Lauren Shera (born c. 1988) is a former American folk musician and guitarist.

Shera spent her early life in New York City, surrounded by a wide range of musicians. When she was 13, her family relocated to northern California; around this time, she picked up the guitar.

In 2008, she studied at the Old Town School of Folk Music in Chicago, where she honed her skills as a singer and a musician while learning ukulele and clawhammer banjo. In 2014, she released the single "Hell's Bells" through record label DigSin.

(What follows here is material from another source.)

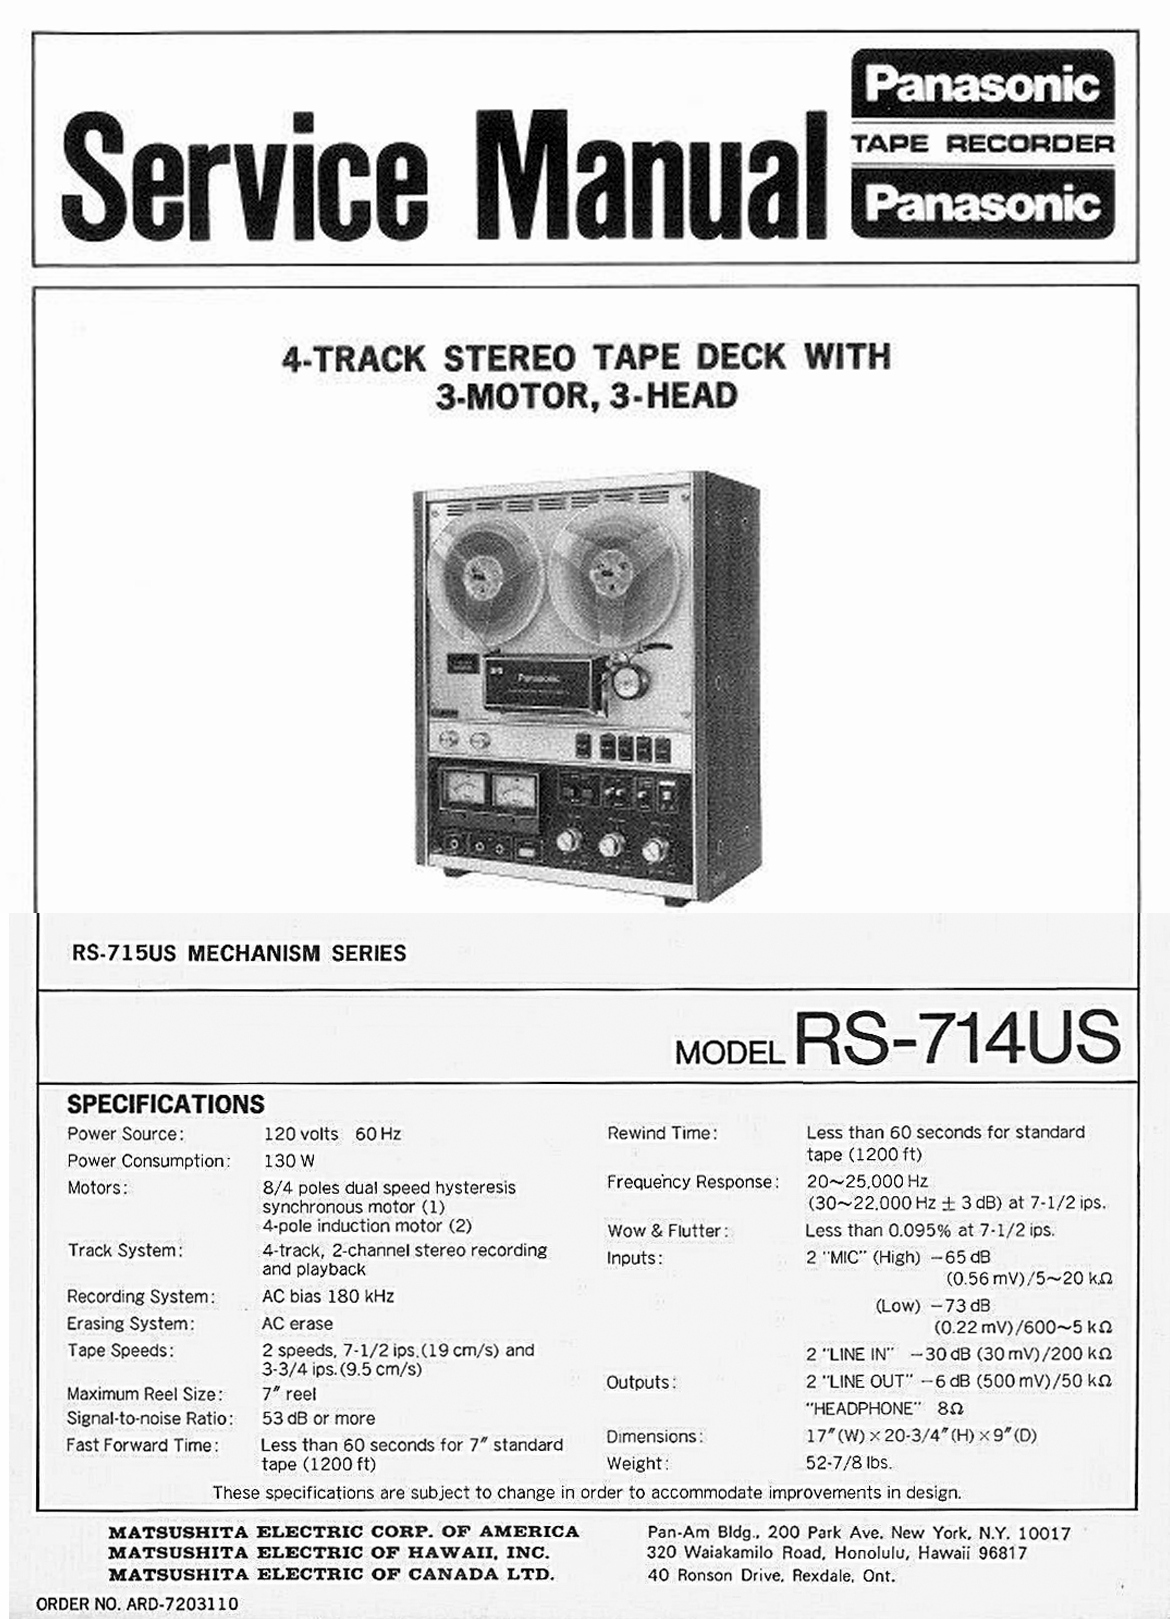 Technics RS-714 US-Manual-1970.jpg

As of 2025, she had given up music professionally and started a career as a lactation consultant based in Nashville, under the name Lauren Levine.

== Studio work ==
Lauren self-released her first album, "In My Bones", on November 30, 2006, at age 18. Along with its release she began to tour nationally and expand her audience from the Northern California coffee house base that she had developed.

Shera’s sophomore album, "Once I Was A Bird," produced by Andy Zenczak at Gadgetbox Studios in Santa Cruz, was released on June 7, 2011. The album received critical acclaim from outlets such as My Old Kentucky Blog, who called Shera "A major talent lying in wait." Magnet Magazine said "You might not know Shera now, but trust us, that is about to change” and American Songwriter called her a "rising indie-folk star."

Shera released her third album, Gold and Rust, in 2015.

== Performance history==
Shera has shared the stage with artists such as Ray LaMontagne, Jason Mraz, Phil Lesh, Shawn Colvin, Billy Bragg, Nanci Griffith, Kristin Hersh, Joan Osborne, Jackie Greene, and Abigail Washburn.

She has performed at festivals such as Bonnaroo, the High Sierra Music Festival, Sausalito Music and Arts Festival, Monterey Music Summit and South by Southwest. When she was 18, she was also invited to perform at the Bob Dylan Tribute Concert at New York City’s Avery Fisher Hall.

Lauren was hand-picked by Ben Lovett of Mumford and Sons to play on the first United States tour of Communion, which Lovett operates. Lauren will play beside Matthew and the Atlas and David Mayfield on over 21 dates nationally.

=== Honeymoon ===

Shera also performed in the band Honeymoon along with Sara Bollwinkel and Christina Bailey. The group, which was based in Santa Cruz, performed a blend of indie-folk, traditional roots and pop. Currently on hiatus due to bi-coastal bandmates, honeymoon plans to continue writing and performing together when schedules and geography permit it.